# [Work order]
Reproduce exactly the lines below from the one containing "well before covid" through the one containing "Alcott Hill Burrows", including both, and nothing else.

# [The data]
┄┄┄┄┄┄┄┄┄┄┄┄┄┄┄┄┄┄┄┄
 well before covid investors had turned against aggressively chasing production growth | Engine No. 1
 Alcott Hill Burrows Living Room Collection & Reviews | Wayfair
┄┄┄┄┄┄┄┄┄┄┄┄┄┄┄┄┄┄┄┄
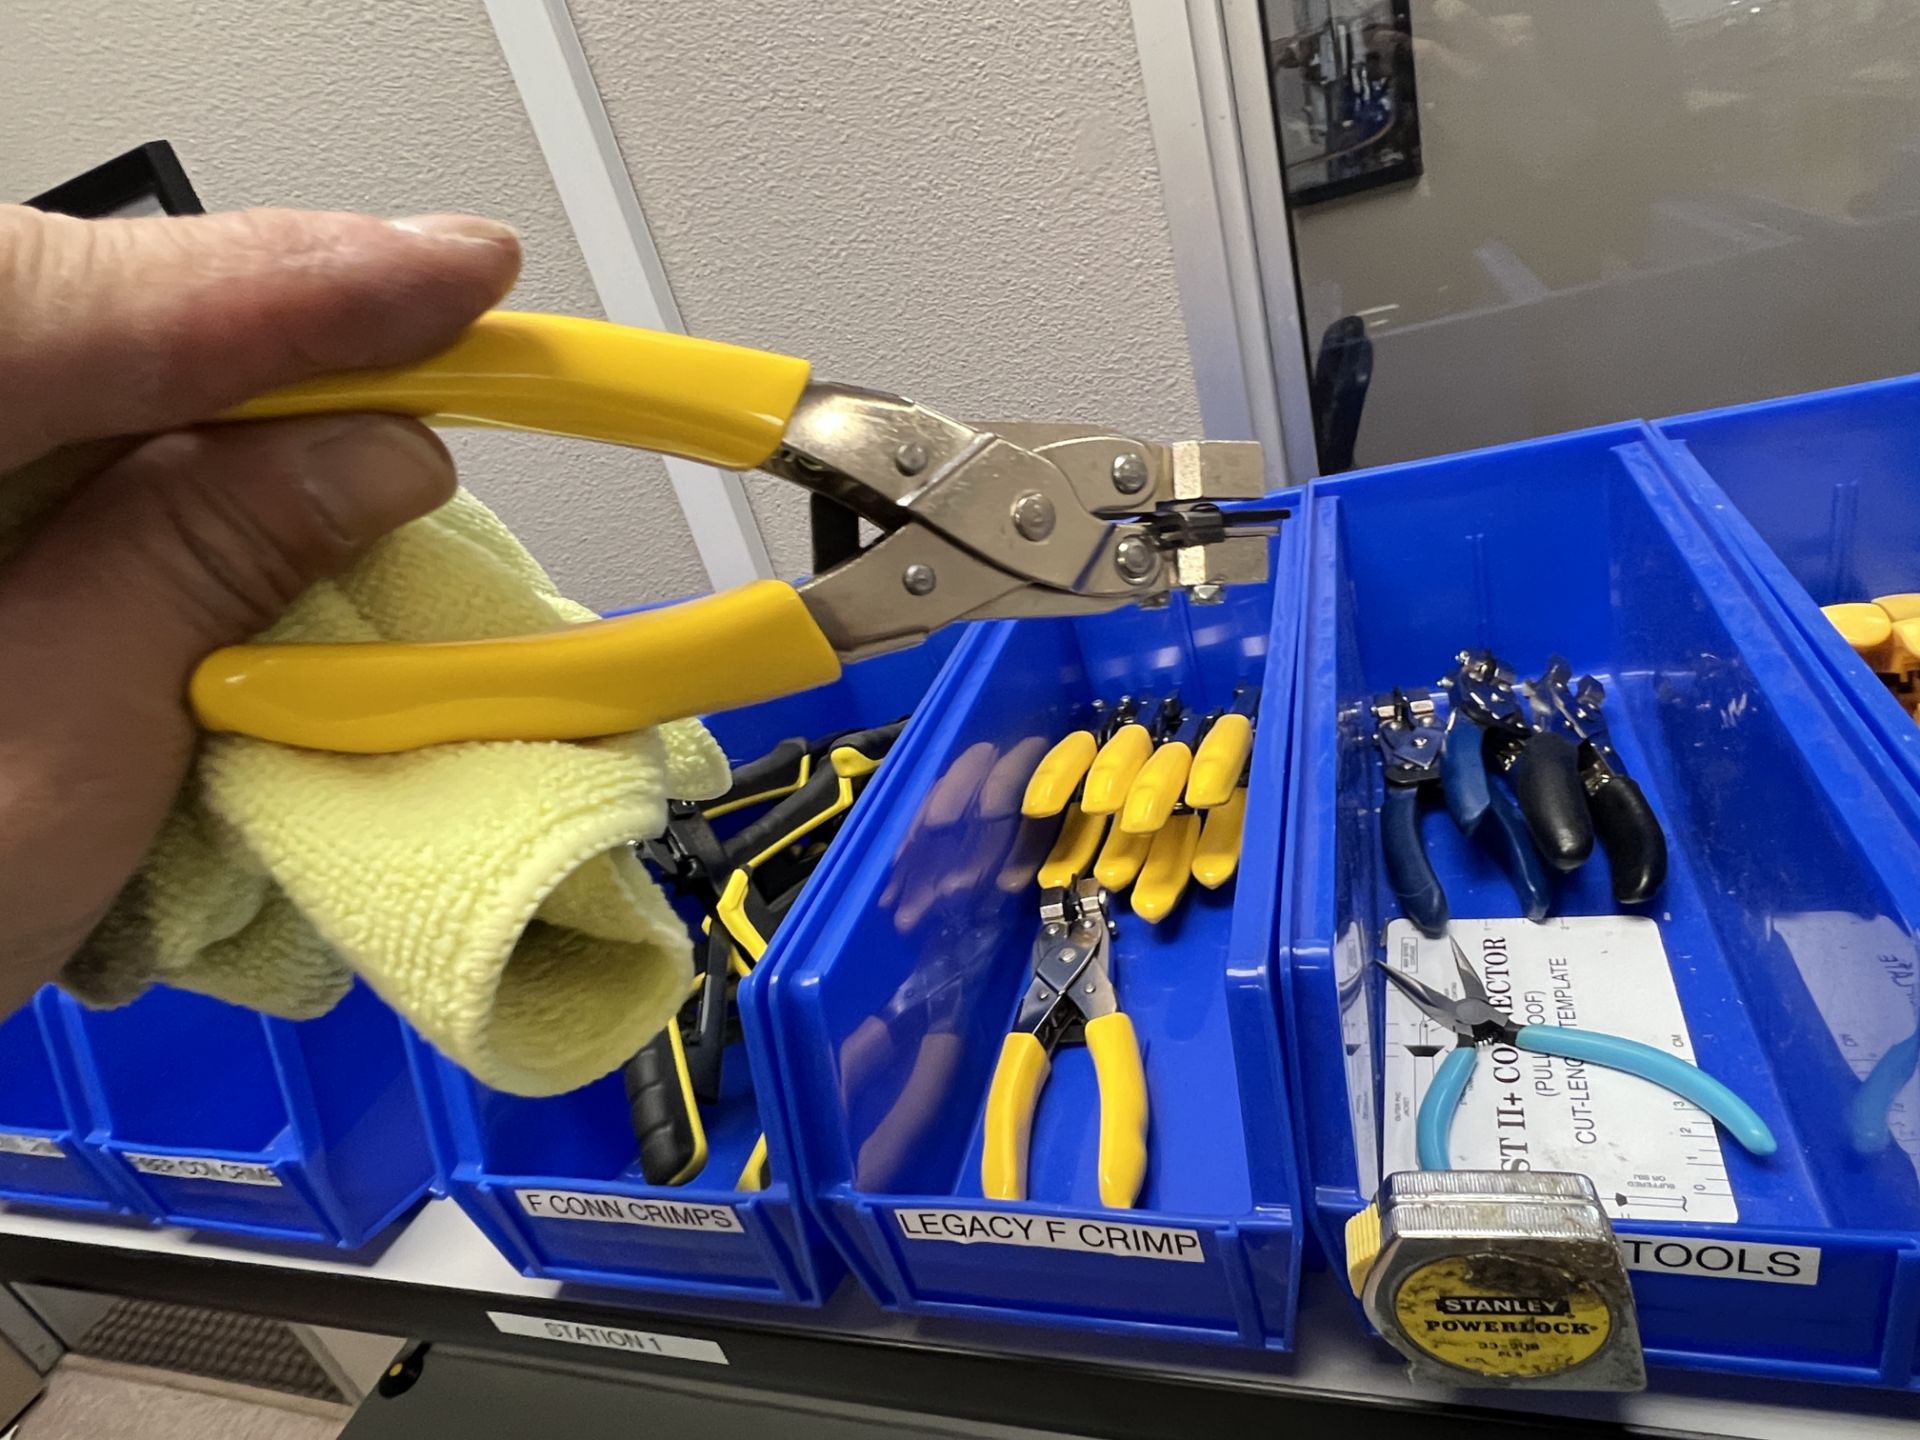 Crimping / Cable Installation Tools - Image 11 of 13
┄┄┄┄┄┄┄┄┄┄┄┄┄┄┄┄┄┄┄┄
# [Response to the task]
 well before covid investors had turned against aggressively chasing production growth | Engine No. 1
 Alcott Hill Burrows Living Room Collection & Reviews | Wayfair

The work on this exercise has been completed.